Mark gave her a look which meant, well, you should know; although he wasn't so insensitive that he said it out loud.

"Maybe you're right," he told her. "In which case, what can we do?"

"I don't know. Perhaps her guardian could help. Mrs. Hall, wasn't it?"

Just then, however, Monty Willowby appeared on deck in a soaking wet pea jacket and a waterproof hat that looked as if it had been designed to prevent the wearer from being deluged by incontinent elephants. "Mr. Peel, sir!" he shouted. "I've just heard what's happening up here!"

"Well, there's nothing you can do!" yelled Ralph Peel. "You might just as well go belowdecks!"

Monty leaned close to the Second Officer's ear and shouted, "There's a fellow down in the steerage, sir! It seems that he's made a friend of the girl! I wonder if it might be a good idea to bring him up here, see if he can talk her into coming down!"

Ralph Peel squinted up through the spray at the small pink-dressed figure clinging to the jib of the crane. A wet rose petal stuck to a naked branch. "We can't get up there after her," he agreed. "Perhaps it's worth a try."

The Arcadia slammed headlong into the next towering wave, and spray from the bows hurtled as far back as the first-class staircase, amidships. Ralph Peel slipped, and then gripped the rail. "You go and find this fellow from downstairs," he ordered Monty. "I think I need to talk to Sir Peregrine!"

Then, as Monty waddled down the second-class staircase, Ralph bellowed at Mark, "You keep an eye on things, Mr Beeney! I'll be back directly! We'll never get that girl down if we keep on hitting these troughs head-on."

Mark gave him a mock-salute, and held Catriona tighter around the waist. Even through their wet and squeaking oilskins, she could feel the firmness of his muscular hip, and the strength of his arm. It didn't seem to matter to her now if he wanted to buy up Keys Shipping or not. She wasn't a child, after all, was she, who was going to be taken in by a smile and a kiss and an extravagant necklace? She wasn't some romantic shopgirl who was going to be impressed by orchids, and champagne. Although... and she thought this with a sudden shudder of wistfulness, wouldn't it sometimes be quite nice if she were?

THIRTY-ONE

Sir Peregrine was in the wheelhouse, standing stiff and relentlessly upright in spite of the Arcadia's chaotic pitching and rolling, his eyes fixed on a horizon which it was impossible to see through the salt-caked glass of the windows. The helmsman was gripping the ship's wheel close to his chest, as if he were Moses offering up his only precious son to the Lord. It was here, in this dim and greenly-illuminated grotto, that battle was done with whatever seas that God thought it pertinent to whip up.
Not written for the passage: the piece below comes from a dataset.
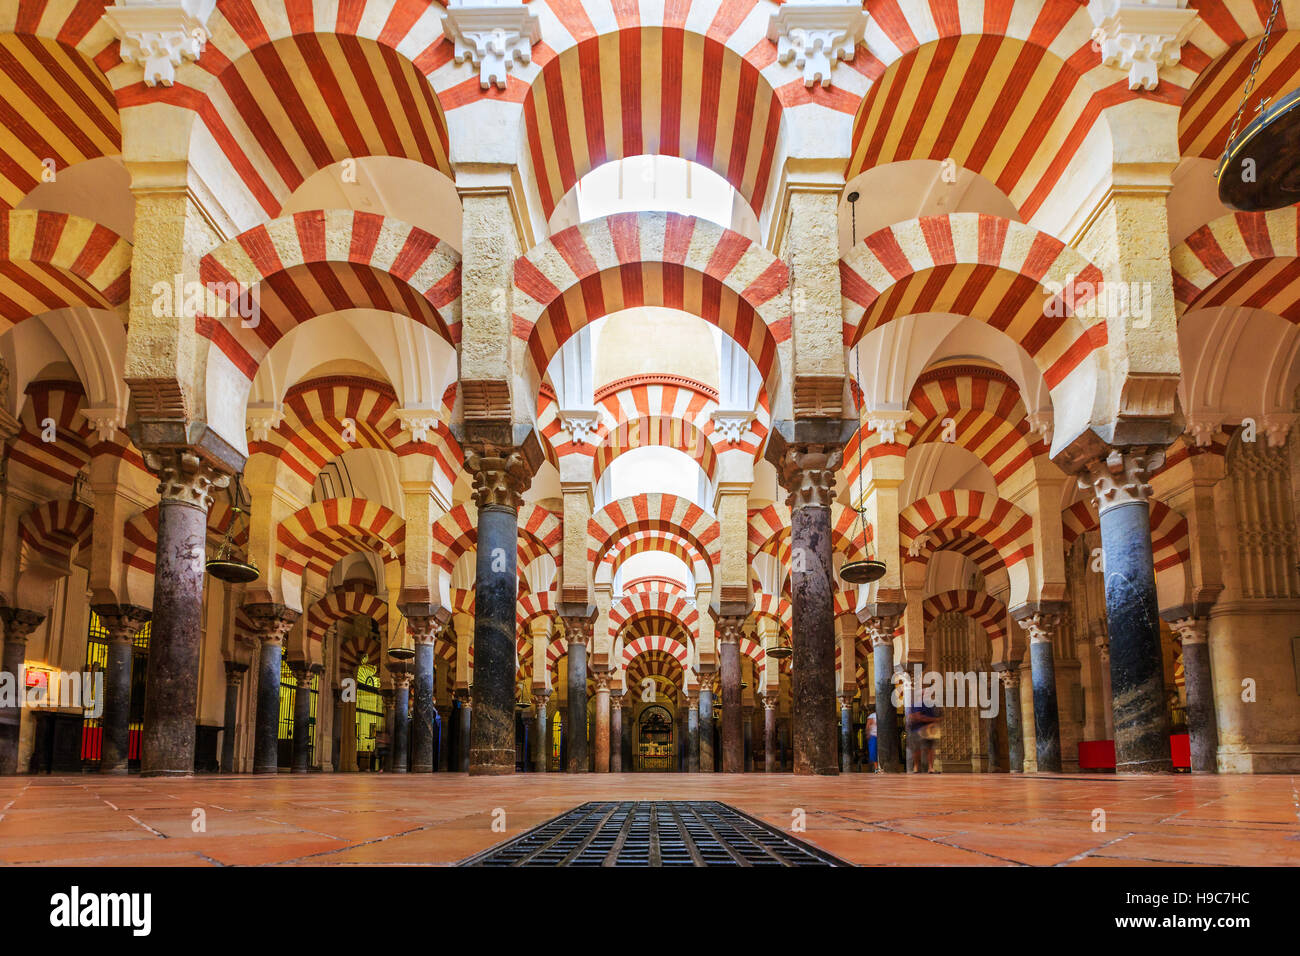 Córdoba, Spanien. Innenansicht der Kathedrale La Mezquita. Innerhalb einer ehemaligen Moschee errichtet. Stockfoto

Ralph Peel struggled in through the doorway, as slick as a seal, and then shut out the wind and the rain and the shrieking of the wires behind him. He stamped his feet on the sisal matting to shake the worst of the wet off him. Then he pulled off his sou'wester and crossed the wheelhouse to where Sir Peregrine was standing with such dignity and resolution.
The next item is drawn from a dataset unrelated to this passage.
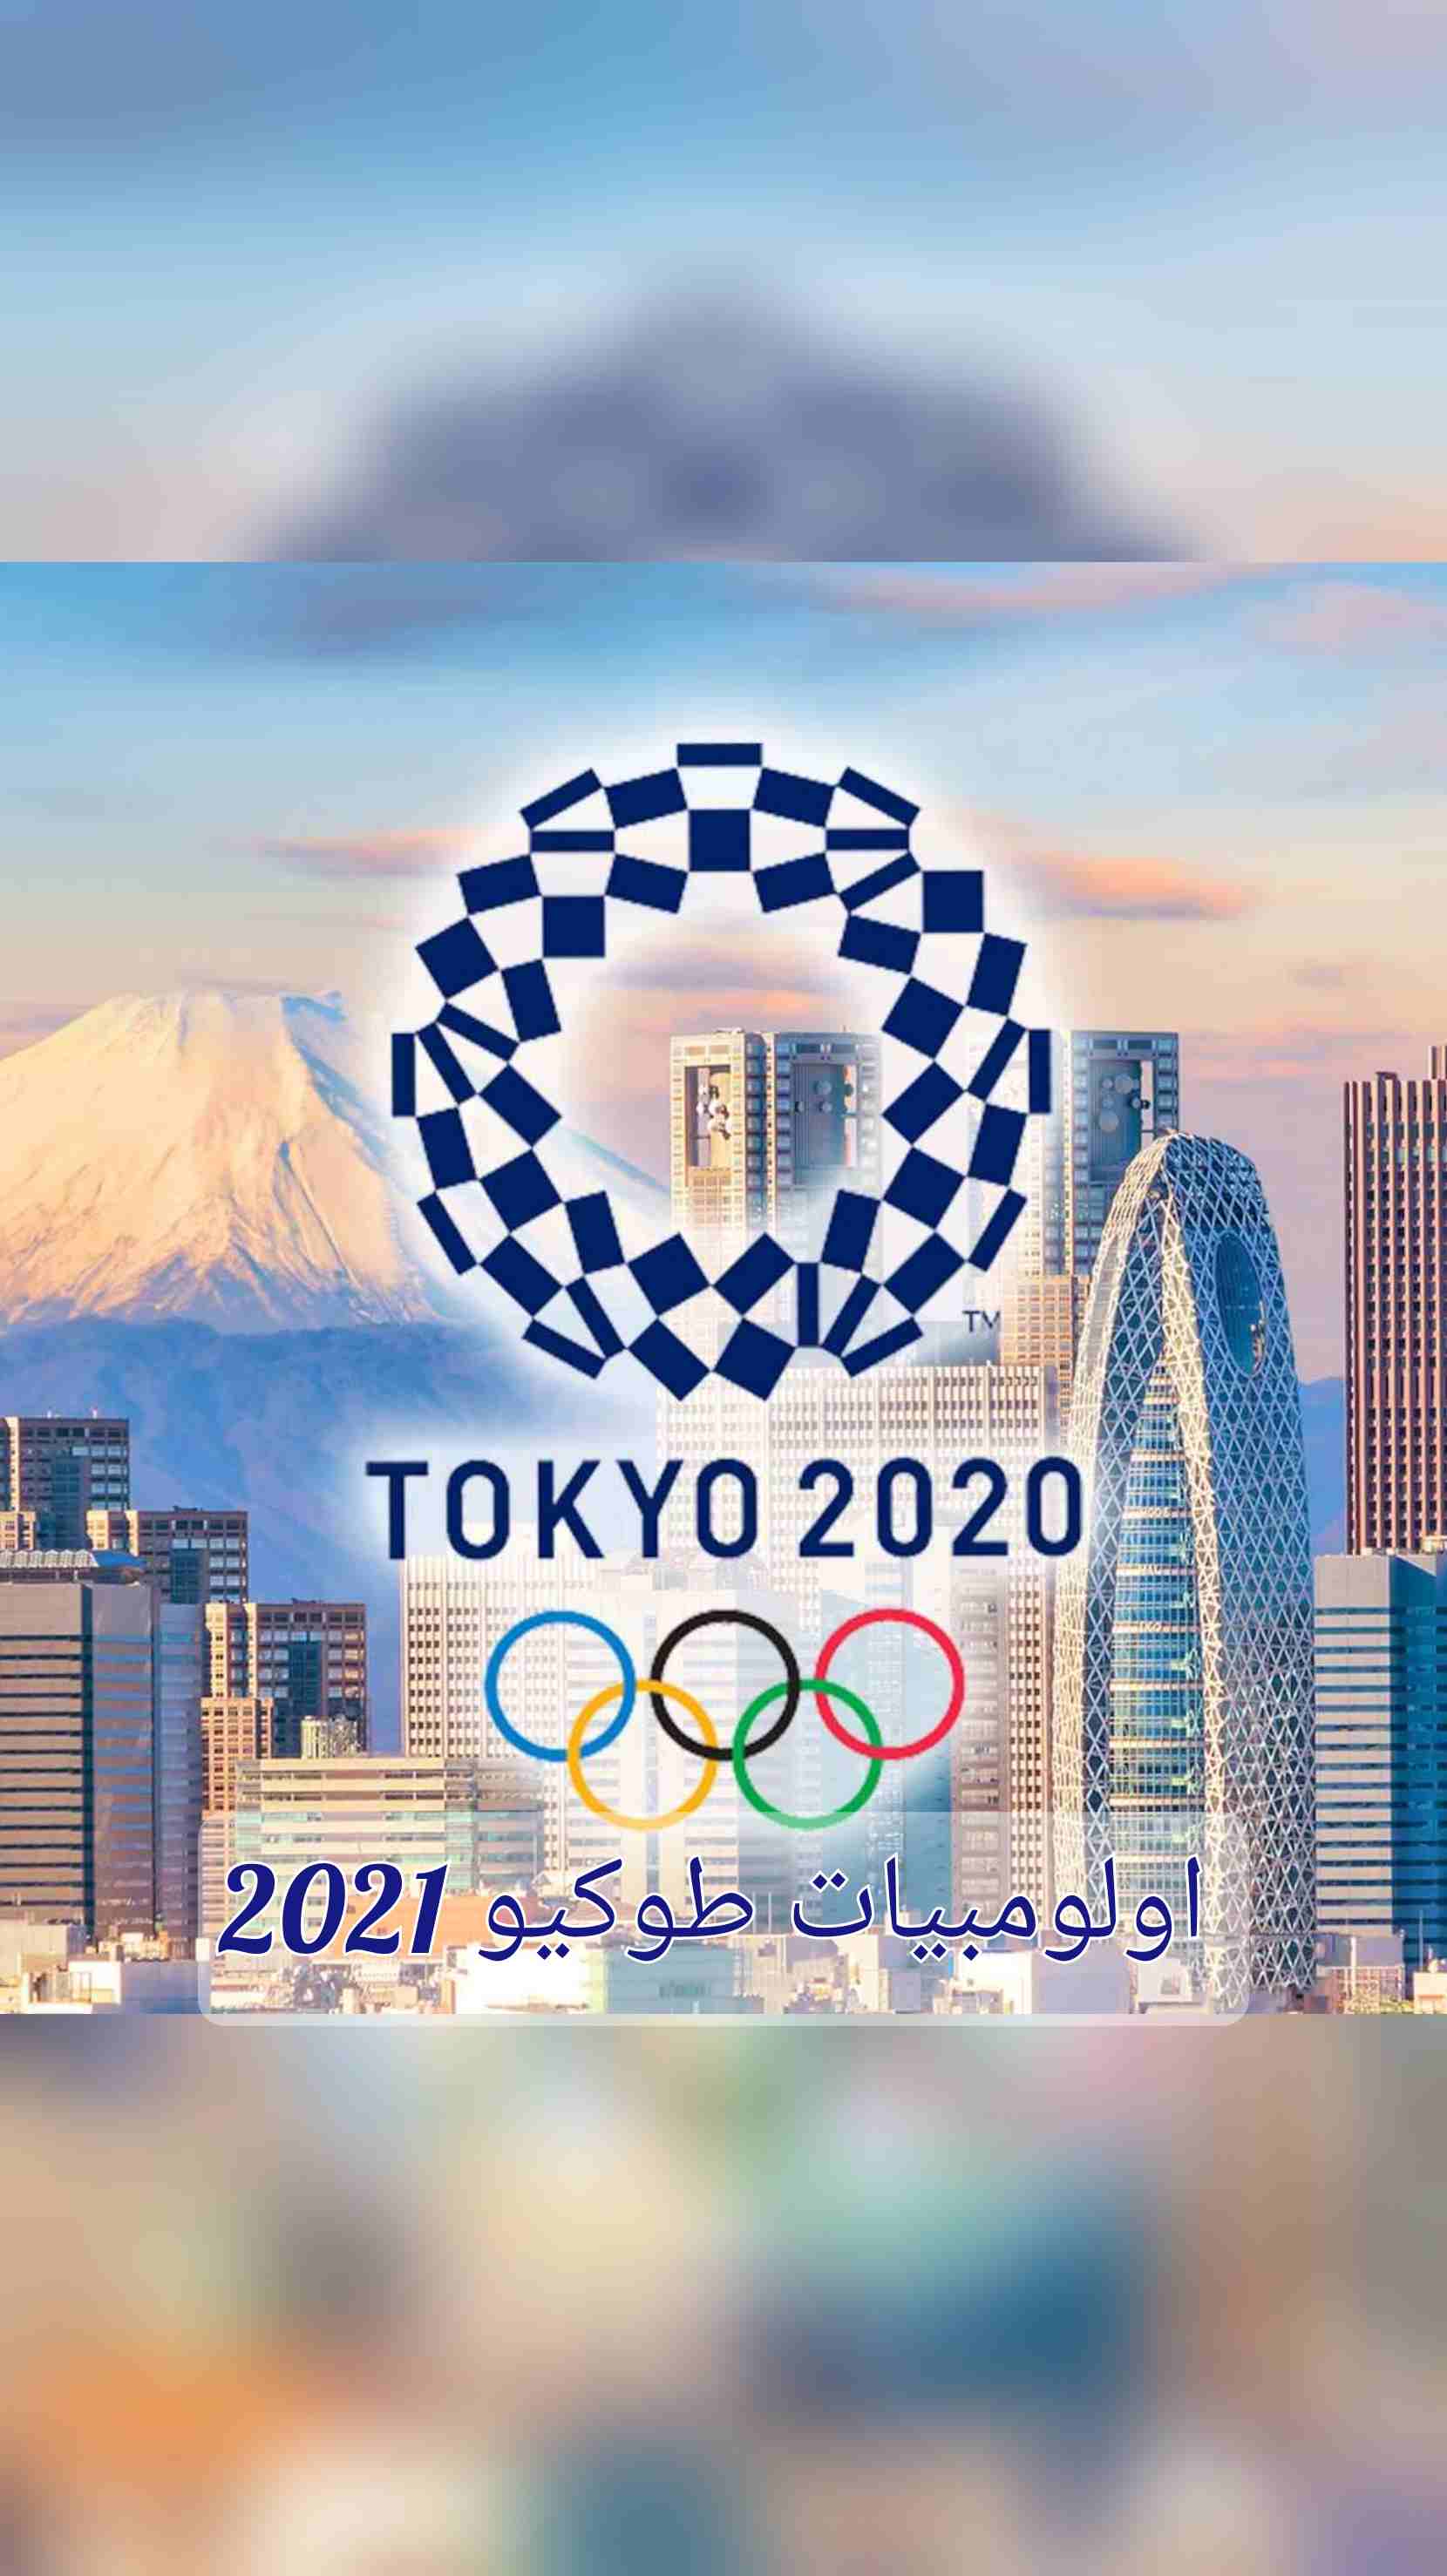 اولومبيات طوكيو2021 والتذكارات الأولمبية الجميلة والرائعة

"Mr Peel?" asked Sir Peregrine, without even turning to look at him. He scratched at the tip of his aquiline nose with his fingertip, as if he couldn't decide whether to pick it or not. When Ralph said nothing, he looked around at last and said, "Mr Peel?"

"With all due respect, Sir Peregrine, is there some way you can steer aslant to the waves, forty-five degrees, so that we don't pitch so violently? We're having a lot of trouble getting that young girl down from the crane, and the pitching isn't helping one bit."

Sir Peregrine cleared his throat. "We are making way as expeditiously as possible, Mr. Peel. We have nearly two hours to make up, after that wild goose chase, looking for that so-called drifting lifeboat. We have... well, nearly two hours to make up. So we're making full ahead. As fast as possible, and without wavering from our charted course."